Abstract
- In Rwanda, increasingly frightening testimonies point to a massive exodus of civilians fleeing the civil war to seek refuge in neighboring Burundi. An ethnic war between the Hutu and the Tutsi but also a political war.
- In Rwanda there is an exodus. An exodus of such magnitude that it has been described as a major humanitarian disaster by the Red Cross. Half a million people fled the country, crossed the rivers. Not all of them were able to cross into Burundi so they flowed back to Tanzania where the UNHCR reports queues eight kilometers long.
- In the camps there are always the same wounded, the bandaged neck hiding the machete blow which missed its target. In Rwanda the massacres continue. According to one of the rare European witnesses still on the spot, an ICRC delegate whom we have just contacted in Kigali, a new massacre took place today in Gitarama, to the south of the capital, where the provisional government folded. Philippe Gaillard: "I don't think there is a single prefecture in Rwanda that has escaped the killings. There is a manhunt, for ethnic reasons, for political reasons".

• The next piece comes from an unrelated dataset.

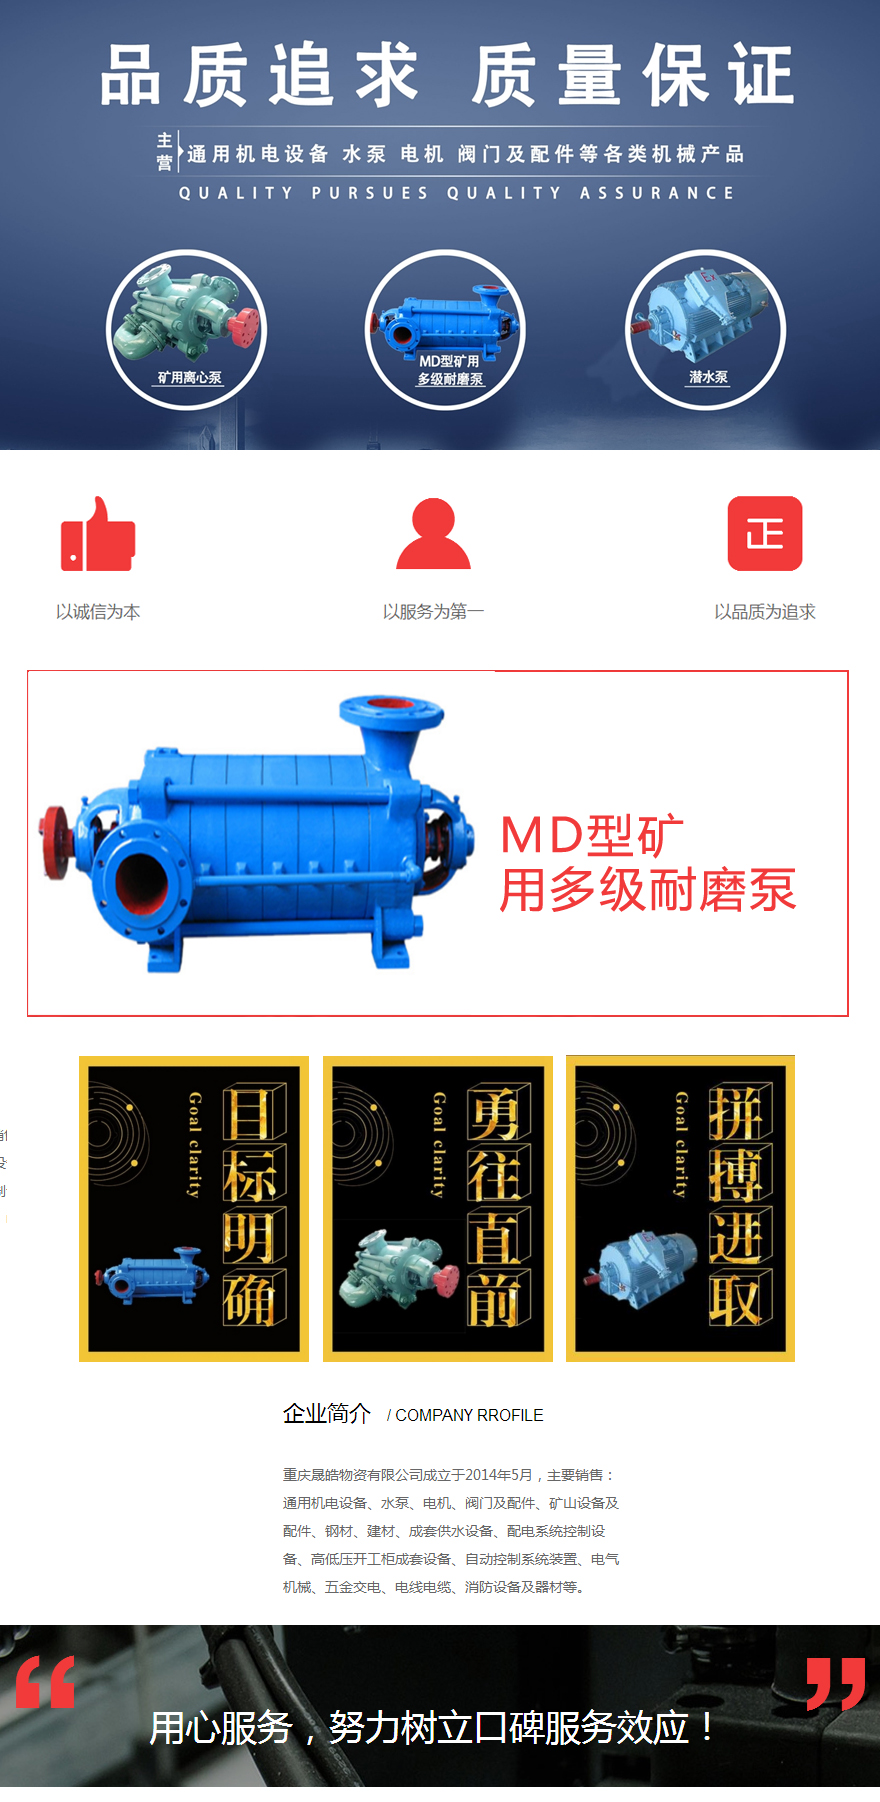 MD型矿用多级耐磨泵副本

- For political reasons, refugees are beginning to dare to talk about it like this man, one of the rare opponents of the regime in place to have been able to save his skin. Alphonse-Marie Nkubito: "It's not even an ethnic massacre. It's a political operation. It's a political game that was played between those who didn't want democratic change, that is to say the presidential movement, and the opposition. In fact the presidential movement wanted to put an end to all these attempts at democracy and they succeeded. If they caught me, even today, they would kill me even though I am a Hutu!".
- Hutu, like this woman: the former Prime Minister massacred in the early hours by extremists of his own ethnic group. Extremists who did not want to share power with the Tutsi. The Hutu democrats therefore joined the persecuted Tutsi in death and in the exodus.